A faithful copy of all the entries is required, with no pictures in it.

═════ EXERCISE DATA ═════

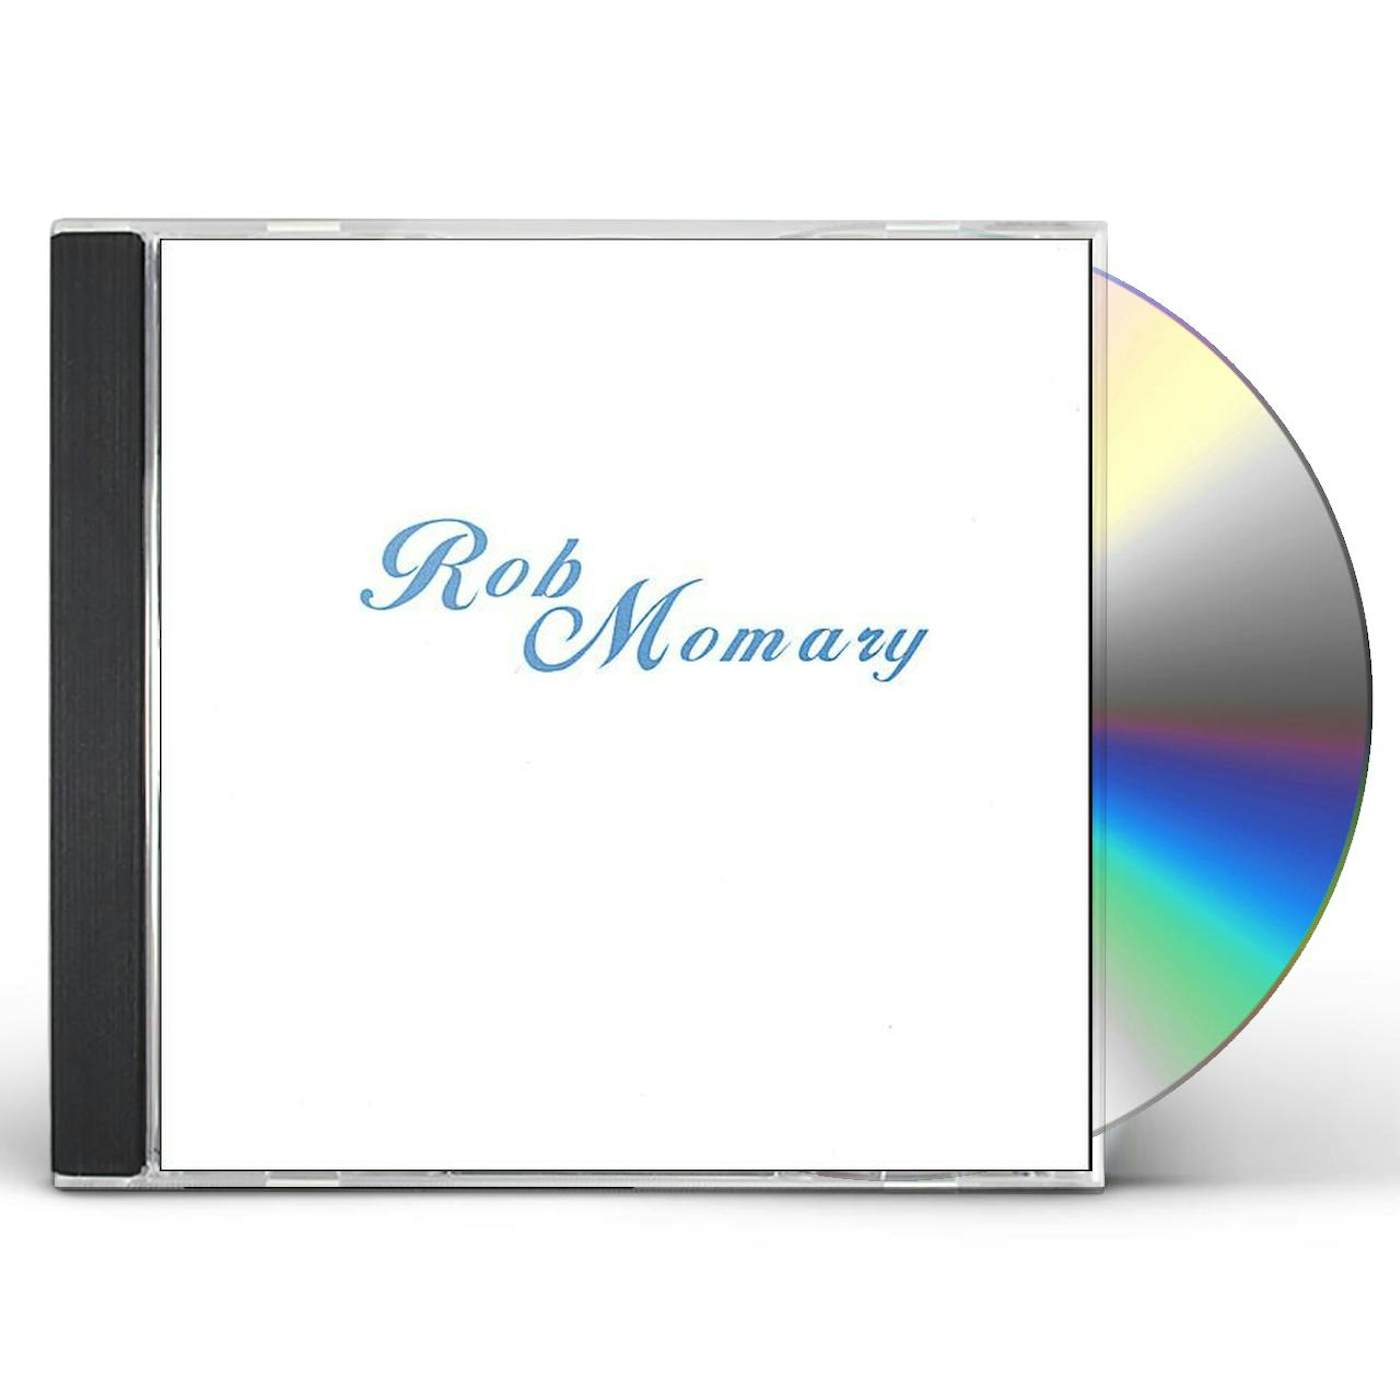 ROB MOMARY CD
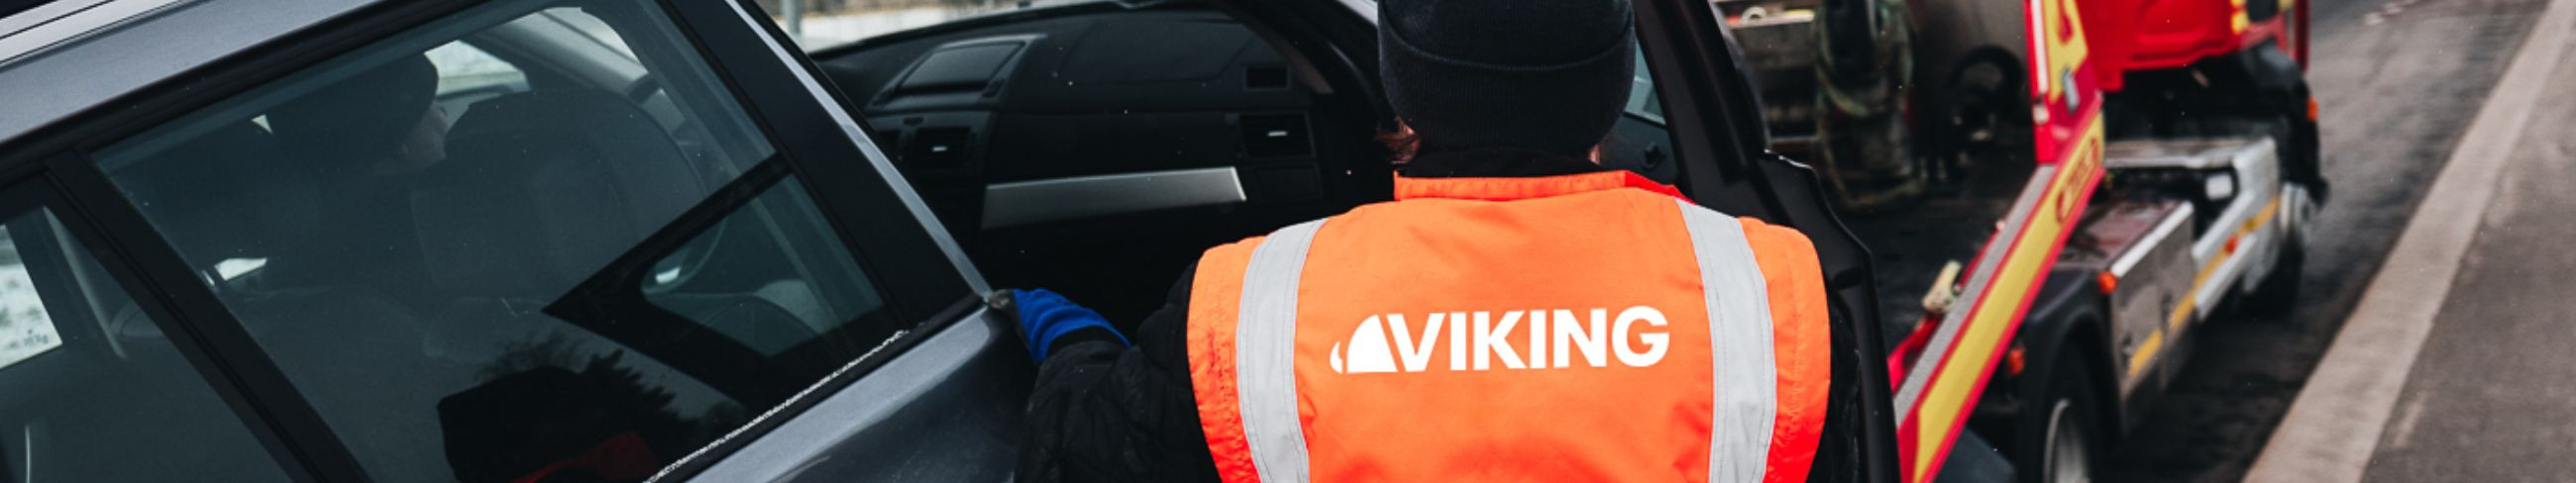 Vikingiga võivad kõik Eesti autoga sõitjad olla kindlad, et saavad vajaliku abi millal iganes seda vajavad.
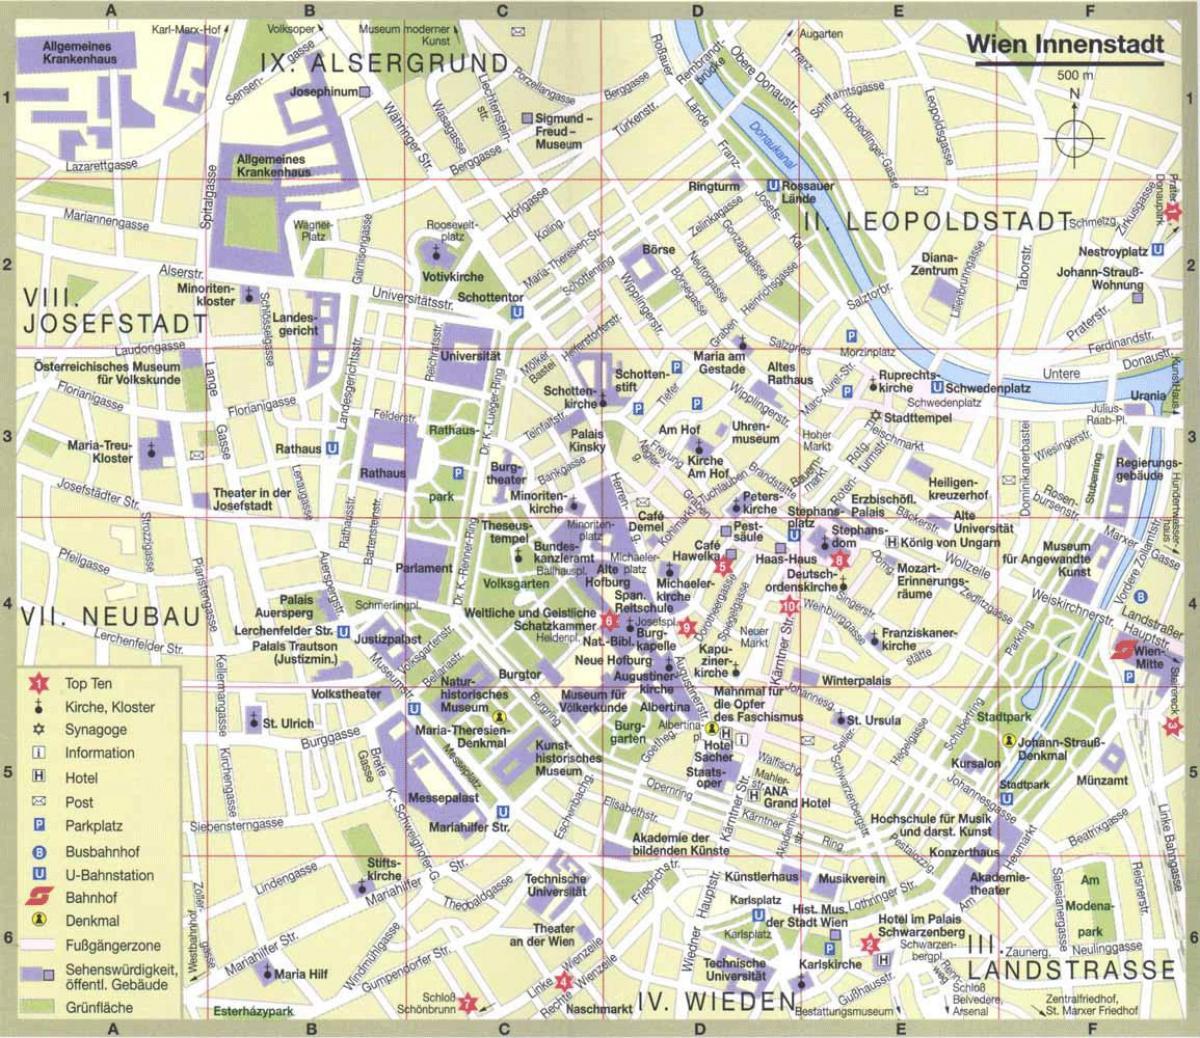 Вена карта города
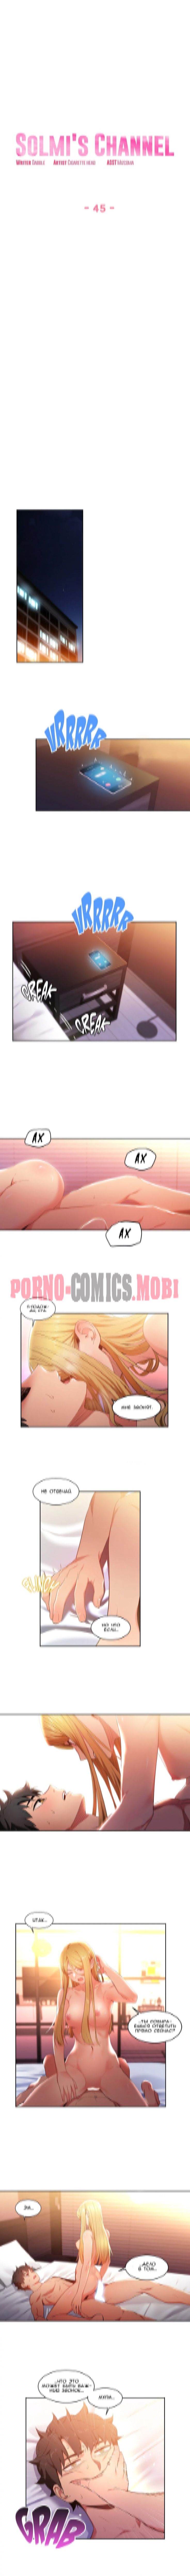 Порно Комикс Канал Солми Части 45-47 смотреть бесплатно онлайн
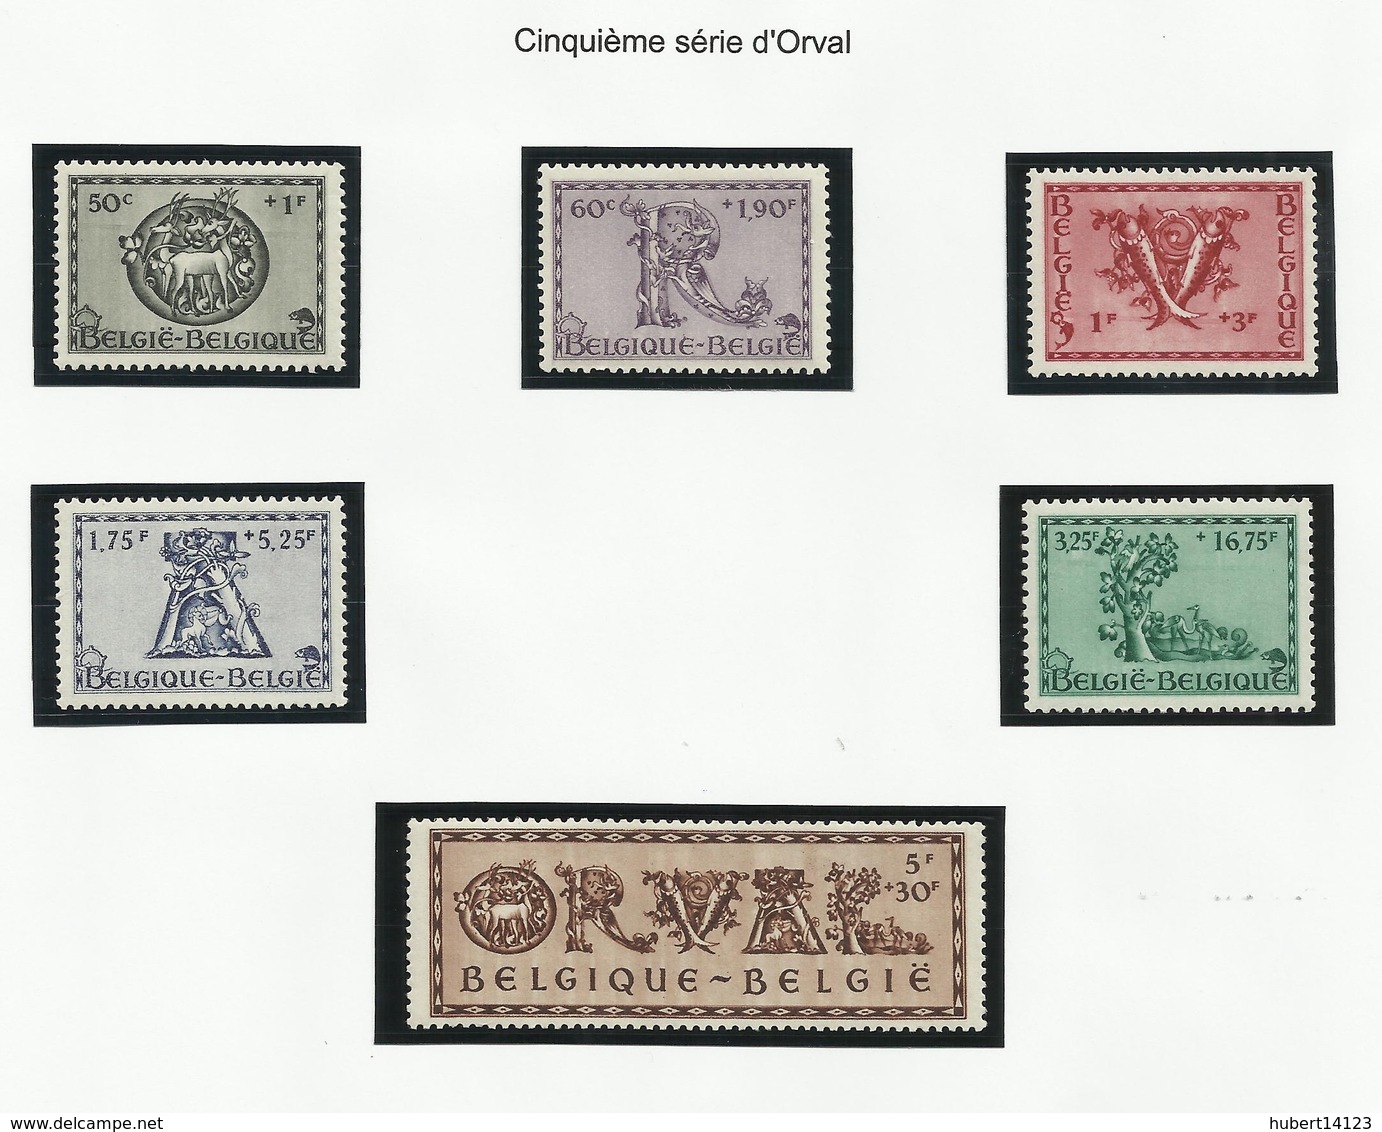 Belgique N° 568 à 640 de 1941 à 1943
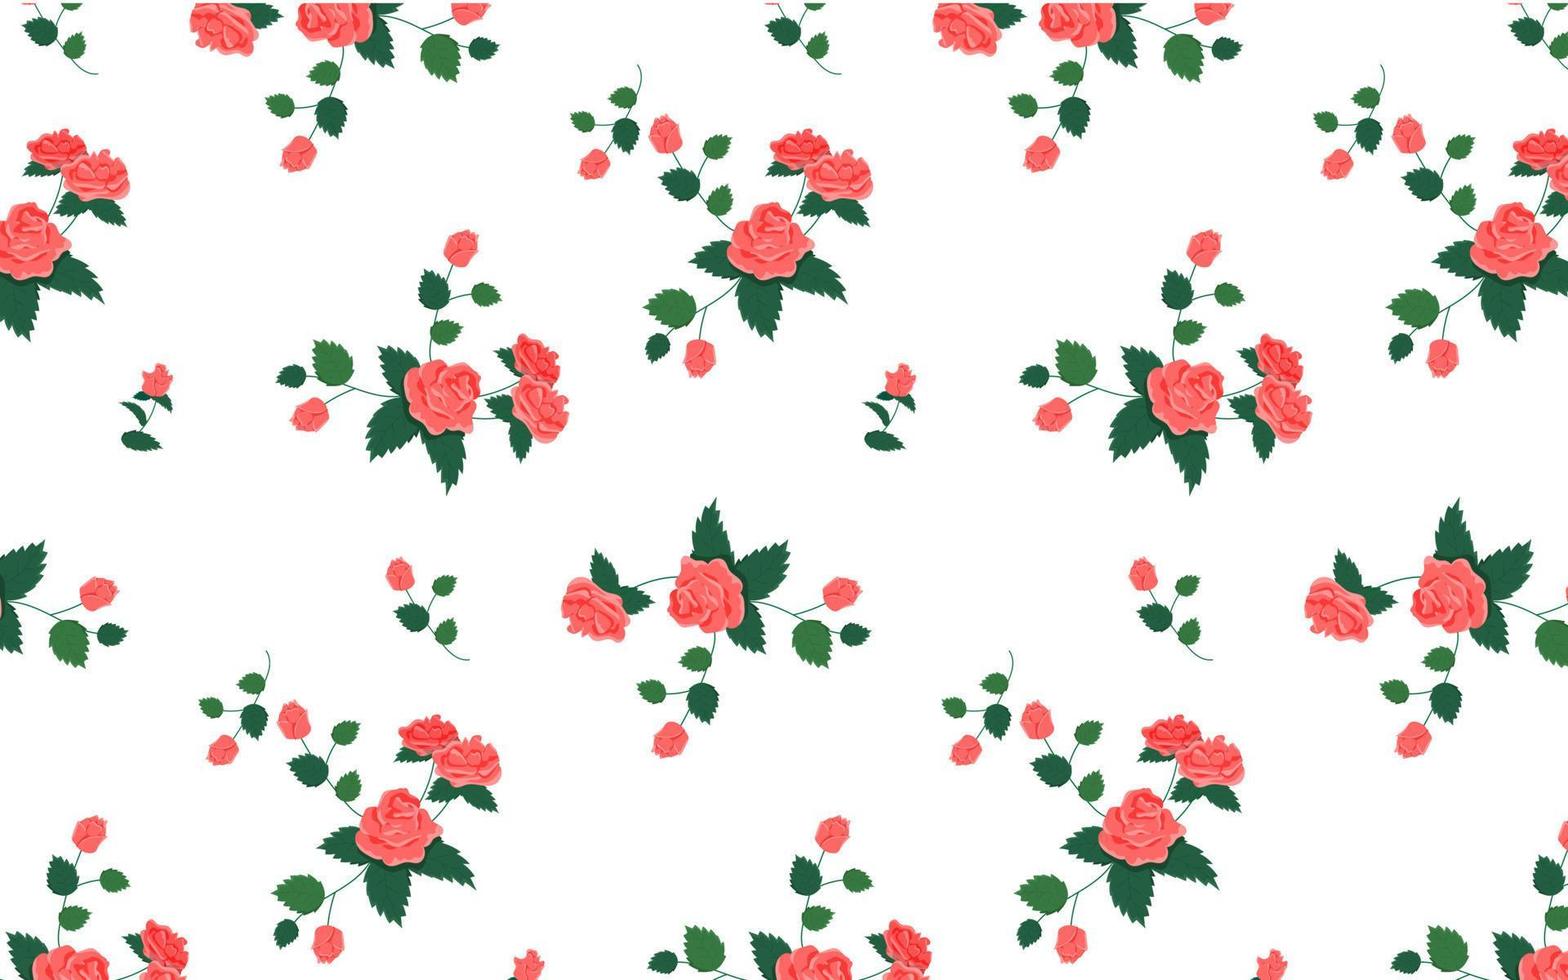 abstract roze roos naadloos patroon. mooi verstrooien van roos bloem vector

═════

_RESULT OF THE EXERCISE:_
 ROB MOMARY CD
 Vikingiga võivad kõik Eesti autoga sõitjad olla kindlad, et saavad vajaliku abi millal iganes seda vajavad.
 Вена карта города
 Порно Комикс Канал Солми Части 45-47 смотреть бесплатно онлайн
 Belgique N° 568 à 640 de 1941 à 1943
 abstract roze roos naadloos patroon. mooi verstrooien van roos bloem vector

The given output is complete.